Anyways, this photography was taken on that Montana archaeology trip that I've discussed before. Our dig leader took us about twenty minutes out from our campsite (by the van of improbability, that thing should NOT have been able to drive where it did). We had to hike down into a canyon and true to my Holes name BillyGoat (You remember that Disney movie Holes where everyone got names like Barfbag and Caveman?) I was quickly separated from the majority of the group as they cautiously made their ways across rocks that I had climbed recklessly on all fours.

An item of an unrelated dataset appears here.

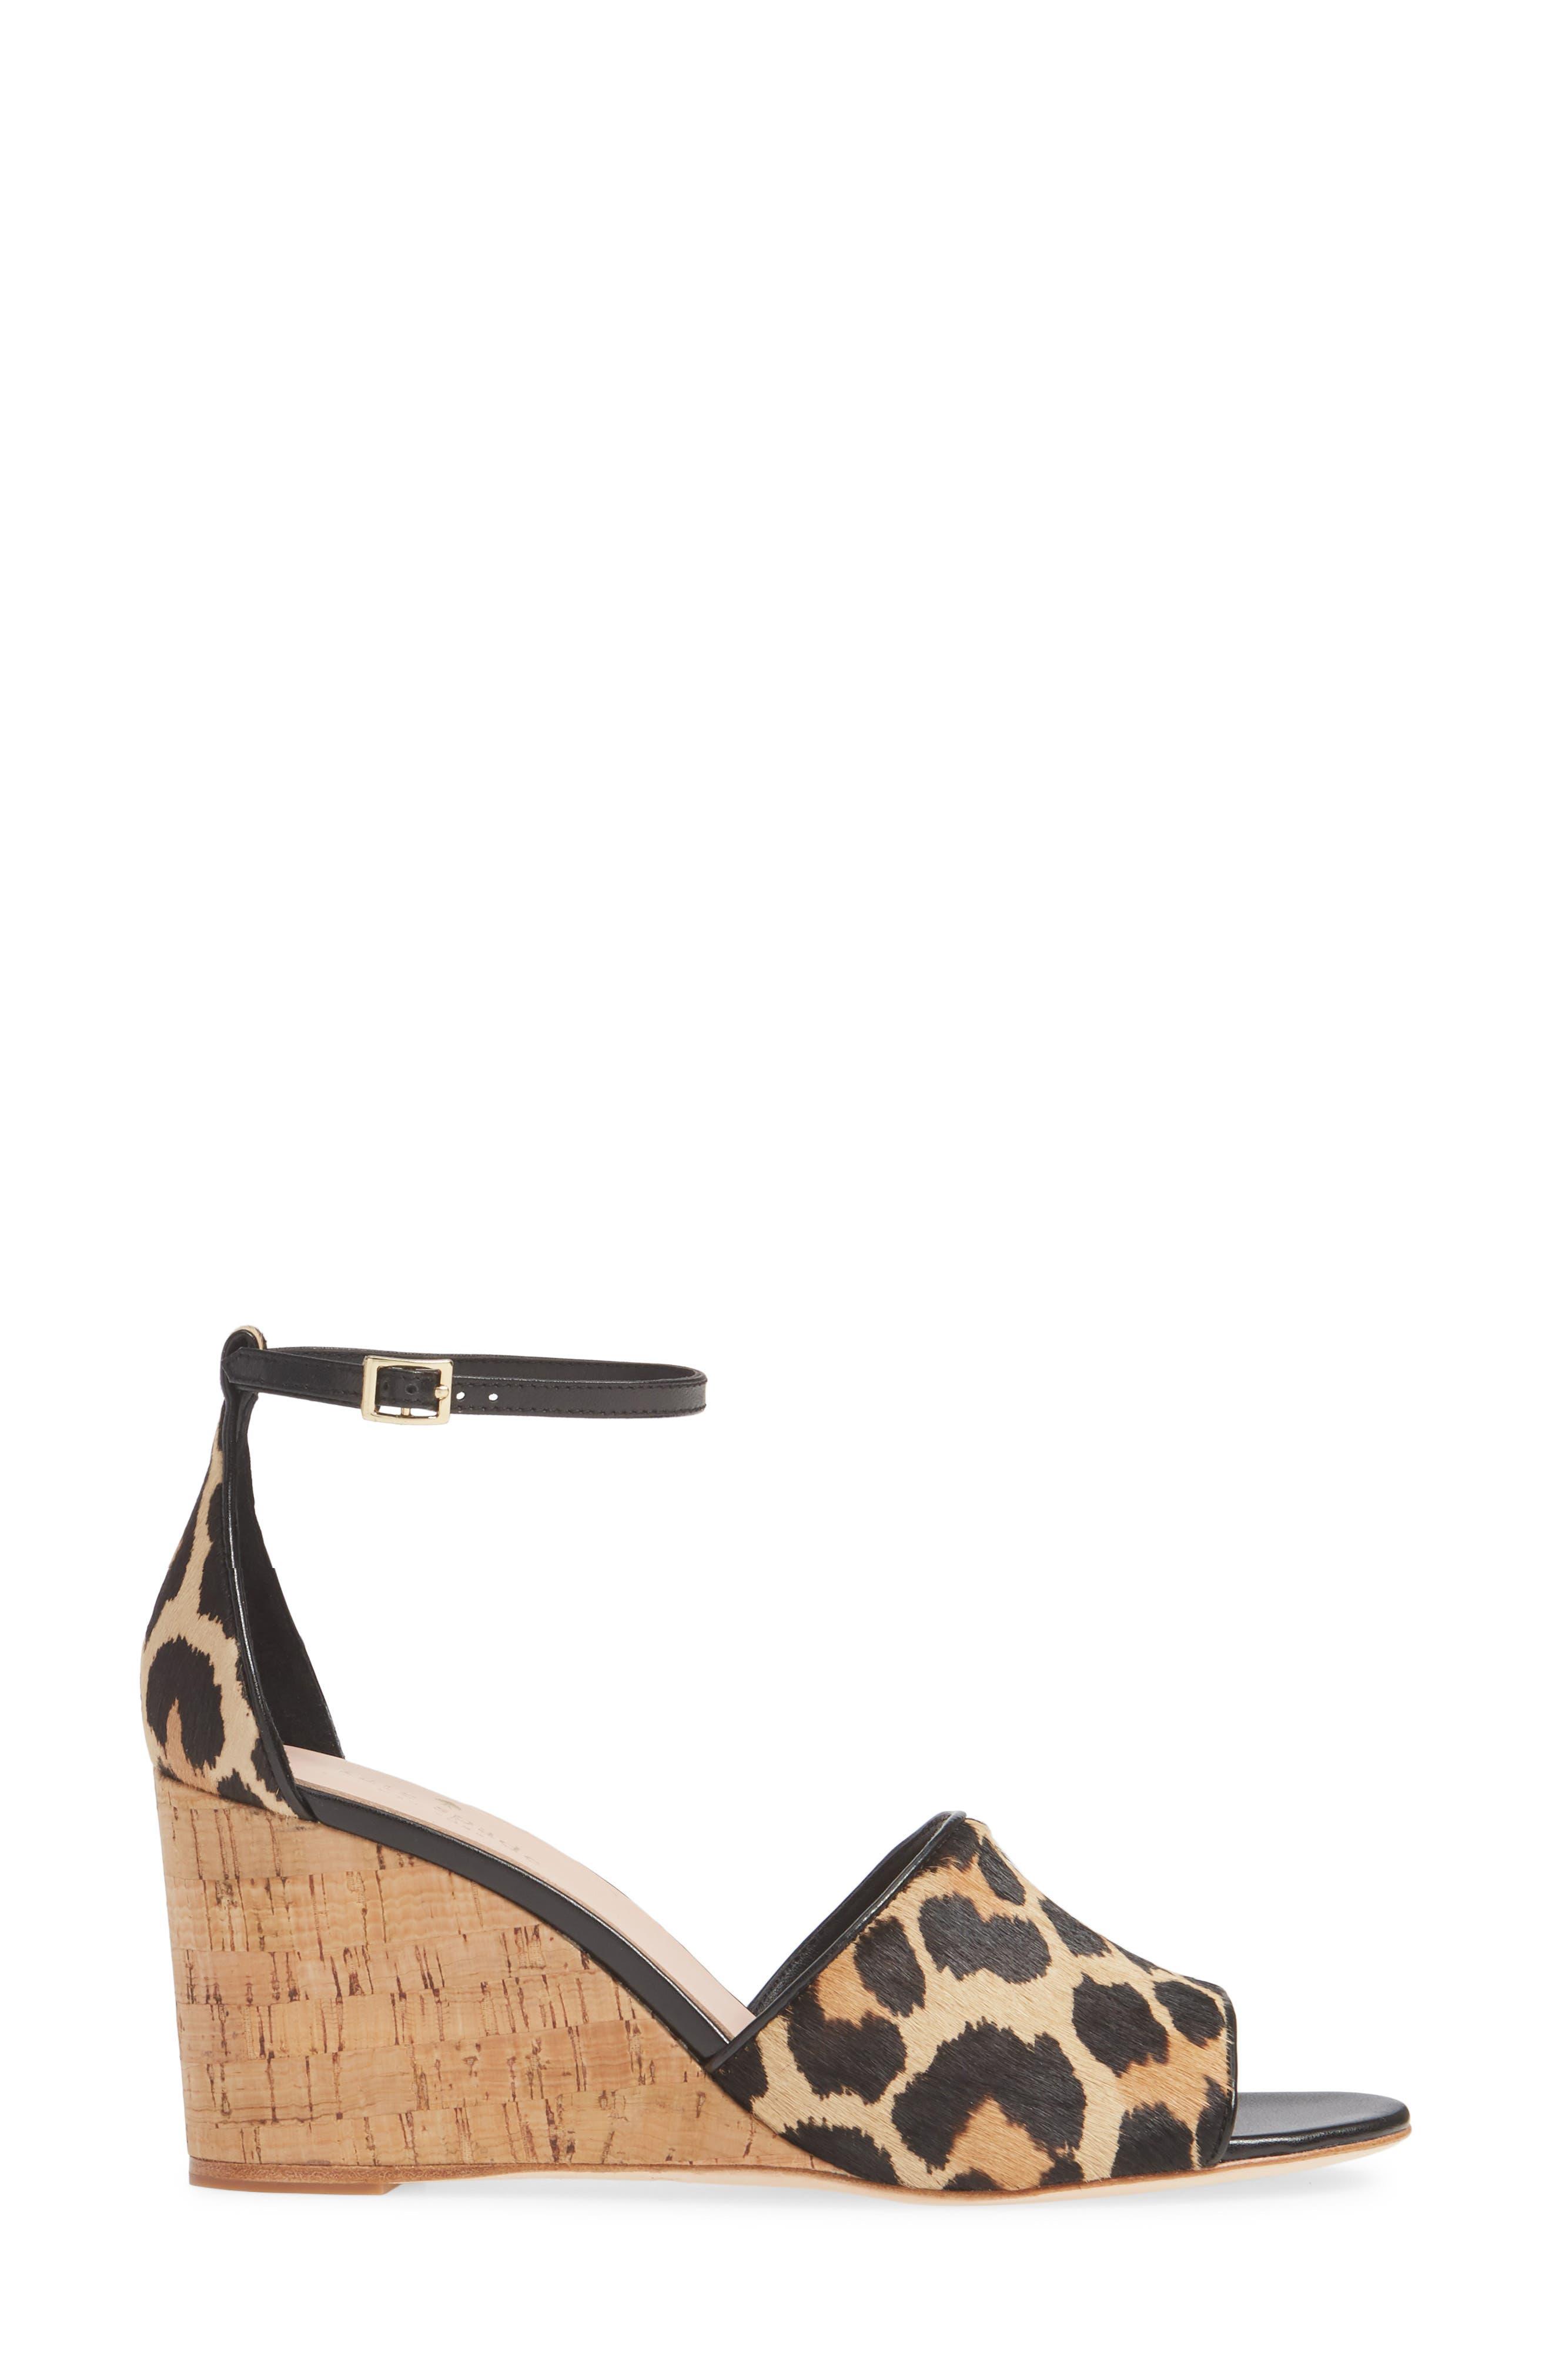 KATE SPADE NEW YORK,                             lonnie genuine calf hair wedge sandal,                             Alternate thumbnail 3, color,                             BLACK/ AMARETTO LEOPARD

Scattered throughout the canyon were these carvings or people and animals and unfortunately, more recent names etched with dates only spanning back a few decades. Now I'm of mixed feelings about this of course. A lot of people will look at graffiti with distain and condemn those who did it.
However as a possible future archaeologist I can't help but see it as the petroglyphs and pictographs of the present. Honestly we do not know exactly why people carved and drew what they did so long ago. We have theories, some seem so likely that we except them for truths, but they are not. So when we look at a carving done several thousand years ago of a human hunting a deer is it really that different from a picture of a pot leaf? Both show us what a group of humans were doing during a particular time.
BUT! I do NOT condone the destruction of previous materials. So the guys who carved their names on a bolder near the petroglyphs on this canyon. Cool. Those who carved a giant penis across ancient petroglyphs? Not cool assholes.
I digress, It was an interesting feeling to stand in a spot where humans had stood thousands of years ago and etched. To stand level with them in some ways and see the individual marks they made to create this representation. The sense of history, a feeling with not everyone gets to have when they step into an old church and an ancient campsite, was almost overwhelming.
Out of all the carvings though, this one was my favorite. Something about how the artist carved himself (or just a man) next to a thunderbird struck me as beautiful. Call it reading too much of myself in the stones etches of the past, but I'd like to thing this artist had dreams of flight, to see the world as the thunderbird did.